When I joined the crew here at ScienceBlogs, I was given a pledge name: Fractal. Now, you can see why: I’m in love with fractals. As a close friend of mine put it, a fractal is essentially “a tangent off on a tangent off on a tangent off on a tangent…,” which described me rather well. It describes nature rather well, too. In living beings or solid rock, there are often many layers of complexity, each reliant on other layers.
I used this idea with today’s fractal, by layering two separate Julia sets on top of one another. In the upper set, I used a formula which masked certain areas, determined by their distance from the calculated points. This lent well to the black spots you see below. In the lower set, I used the typical Julia set formula, but applied a transformation that trapped the patterns into polygonal shapes. (You can see the repetition of forms in the full set above.) Here’s the result:
Now, while you may have already guessed the following photo, similar to the fractal above, I must warn you–nature can be a bit surprising:
Coccinella septempunctata, known to the neighborhood children as a ladybug, resting on a piece of Precambrian gneiss.
The ladybugs, collectively known as the family Coccinellidae, aren’t really bugs at all–they’re beetles. In fact, most biologists prefer the term “lady beetle.” Thanks to its bright colors and round shapes, this is one of the most well-loved arthopods known to humankind. Still, this lady is no lady. While gardeners usually know of the predacious tendencies of the lady beetle, few know that they can also be cannibals. Of course, many things in the animal kingdom will eat each other, or even eat their own young, but there’s something about the cuteness of the lady beetle that makes it shocking.
The lady beetle I caught landing on my gneiss was introduced from Europe as organic pest control. They’re rather common these days, hunting aphids across North America.

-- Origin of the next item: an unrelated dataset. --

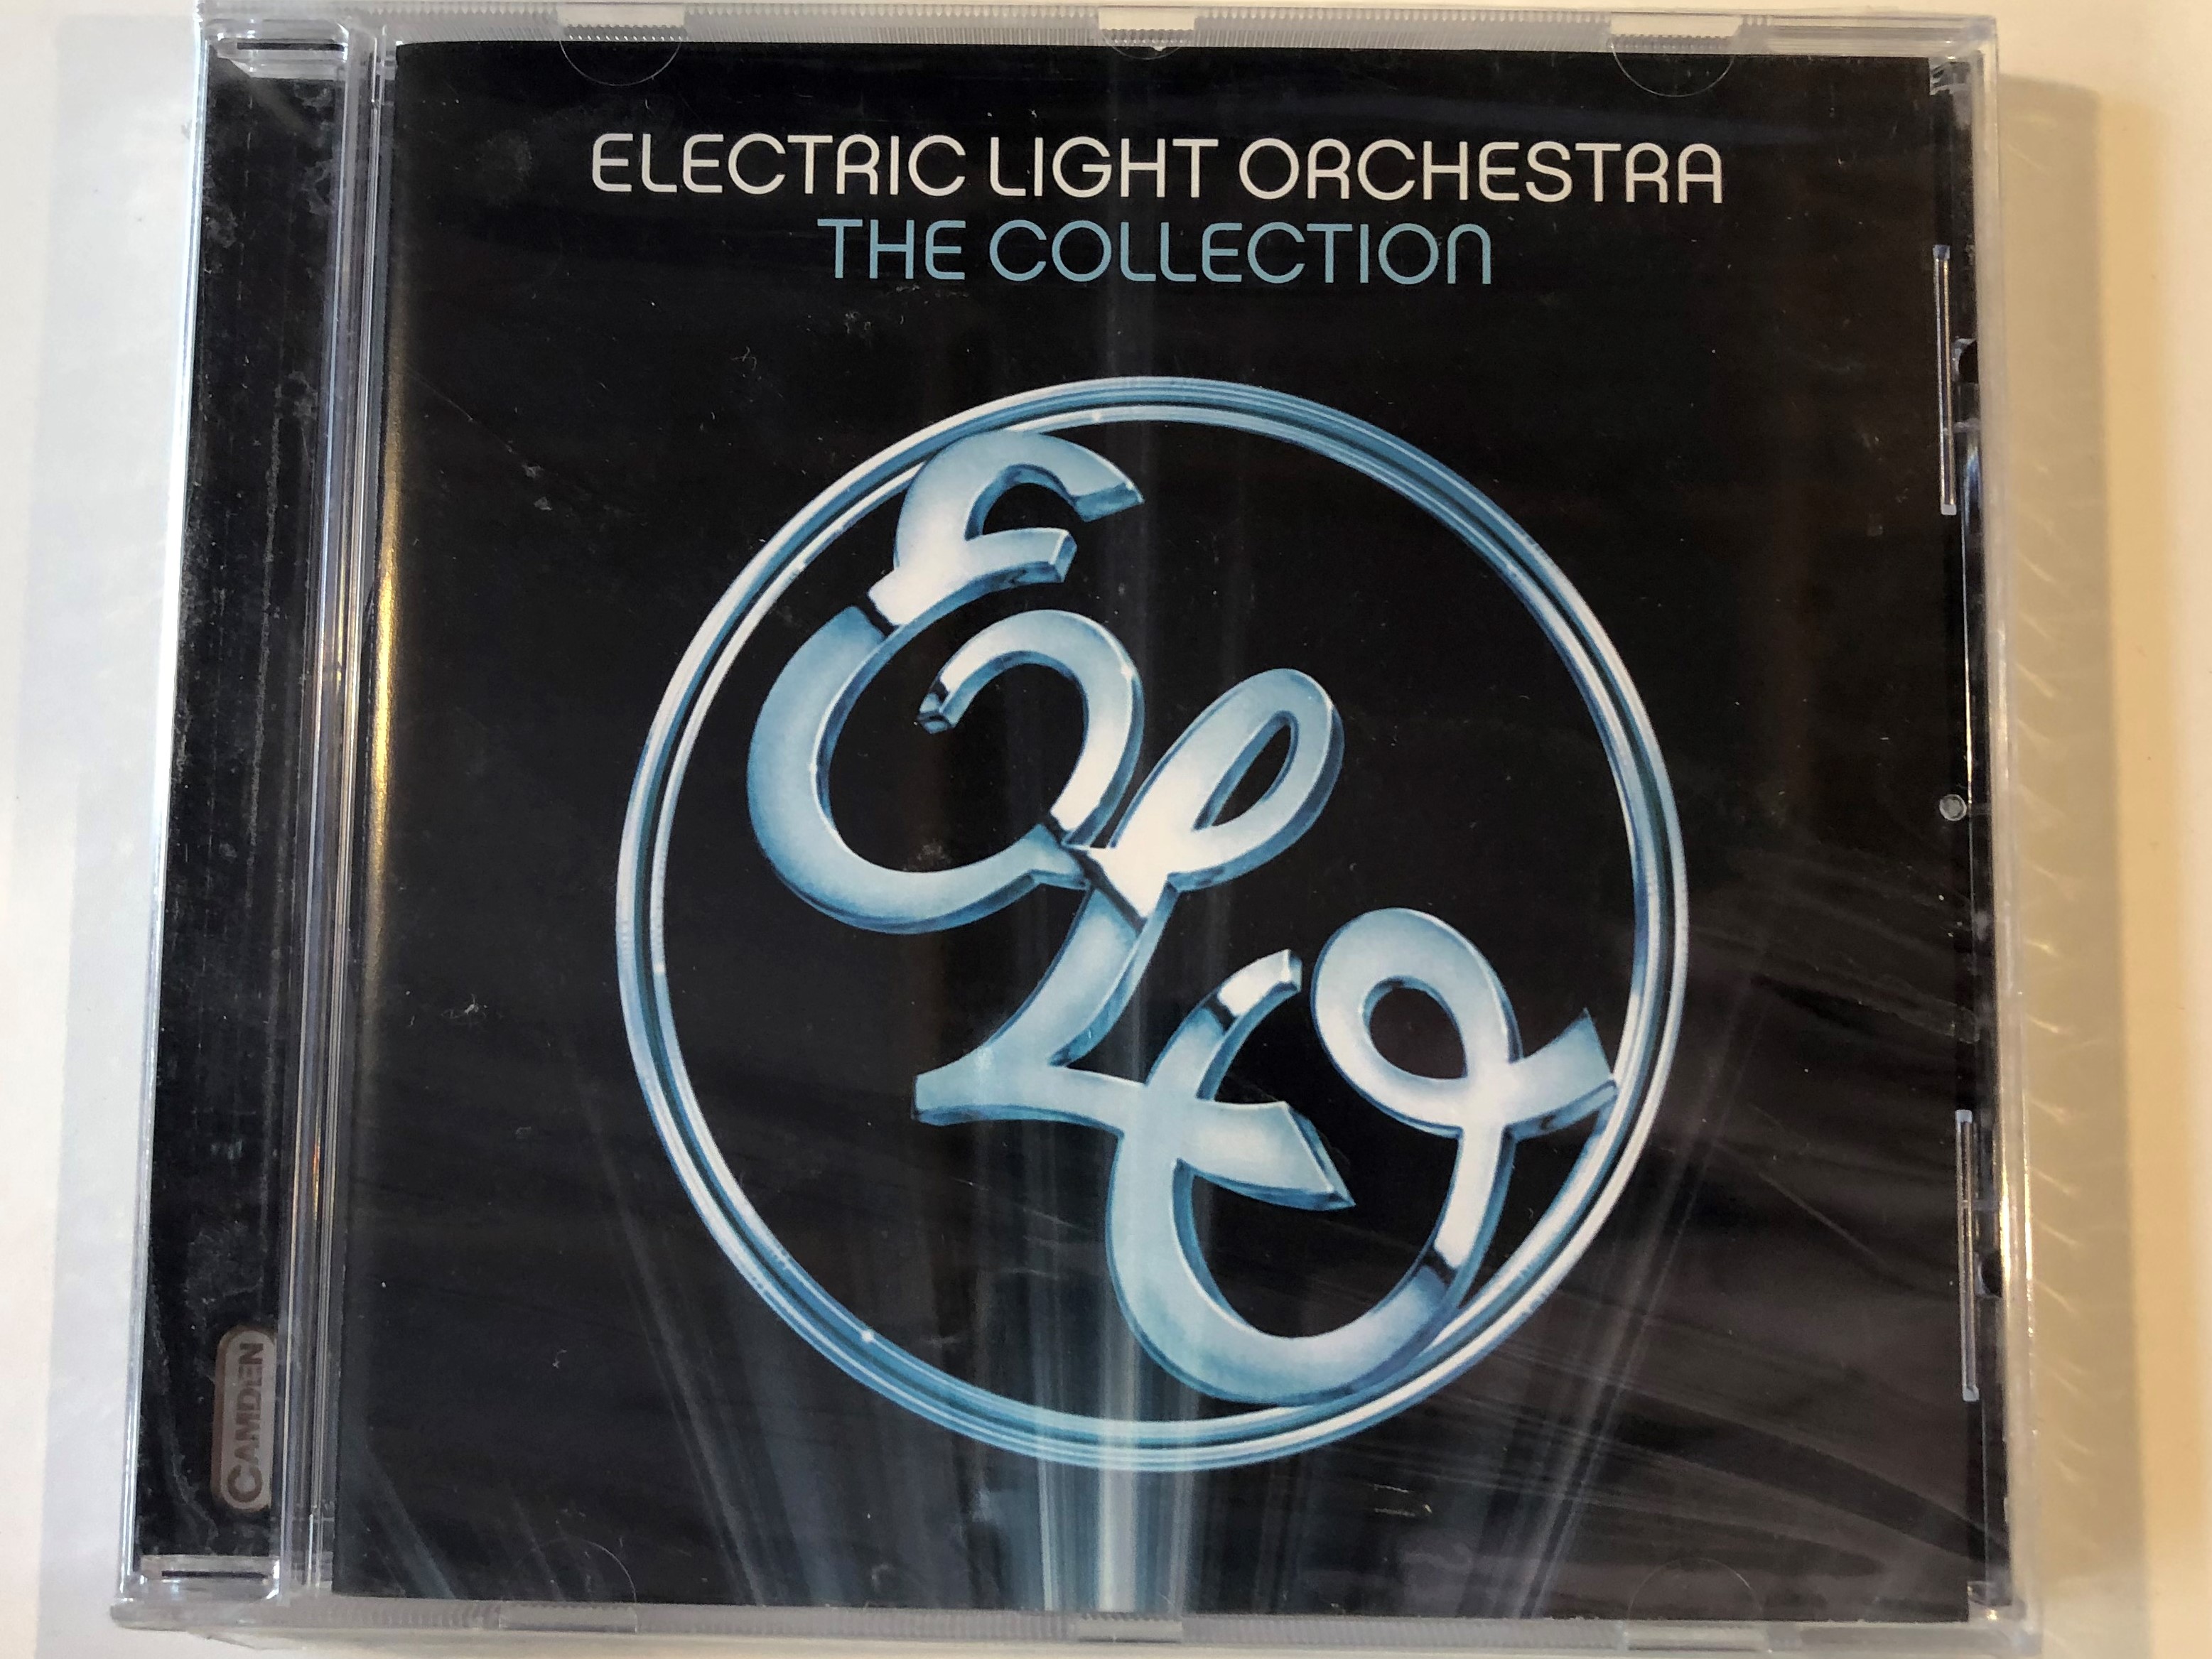 electric-light-orchestra-the-collection-sony-music-audio-cd-2009-88697480462-1-.jpg

Of course, this doesn’t mean that species native to America act like proper ladies. Not only are they as vicious as their European cousins, but they have large orgies as well. Convergent lady beetles(Hippodamia convergens) hibernate en masse, deep in canyons or on cool mountainsides–wherever they can find. (Sometimes, they simply find someones nice air-conditioned house.) Then, in the spring, millions of lady beetles awake and mate.
If you should happen to want a mass of horny, violent beetles (albeit, cute ones) for your garden, H. convergens are available online, from places such as this, but I would recommend finding local options. In 2001, John J. Obrycki and his colleagues compared groups of H. convergens from various corners of the Americas: Honduras, California, and Iowa. They discovered that while the groups could easily reproduce with one another, they showed considerable genetic variation. So, while, phenotypically, the lady beetles appeared to be the same species, their DNA was suggestive of increasing distinctiveness. By flying lady beetles across the continent and introducing them into our local gardens, we may be spoiling their shot at speciation.
Not only that, local lady beetles are probably the best for the job. Obrycki found that while the offspring of H. convergens crosses were successful predators of the aphid A. pisum, they were not necessarily suited to the local environment. In the end, he suggested such introductions weren’t worth the trouble:
The observed interbreeding among California, Honduras, and Iowa beetles, in addition to the presence of parasitoids and pathogens in California adults, combined with the lack of substantial evidence of effectiveness,
suggest that the practice of augmentative releases of field collected H. convergens needs to be carefully examined for non-target effects.
Of course, if local lady beetles are tough to find, you could always try attracting them with gneiss… it worked for me.
A gneiss note: The rusty slabs in the photo above are microcline, a type of feldspar, while the white crystals are milky quartz, one of the most common forms of rock on earth. The rock was formed as magma hardened under the surface, then subjected to heat and pressure before being exposed by erosion in the doubly-uplifted Rocky Mountains.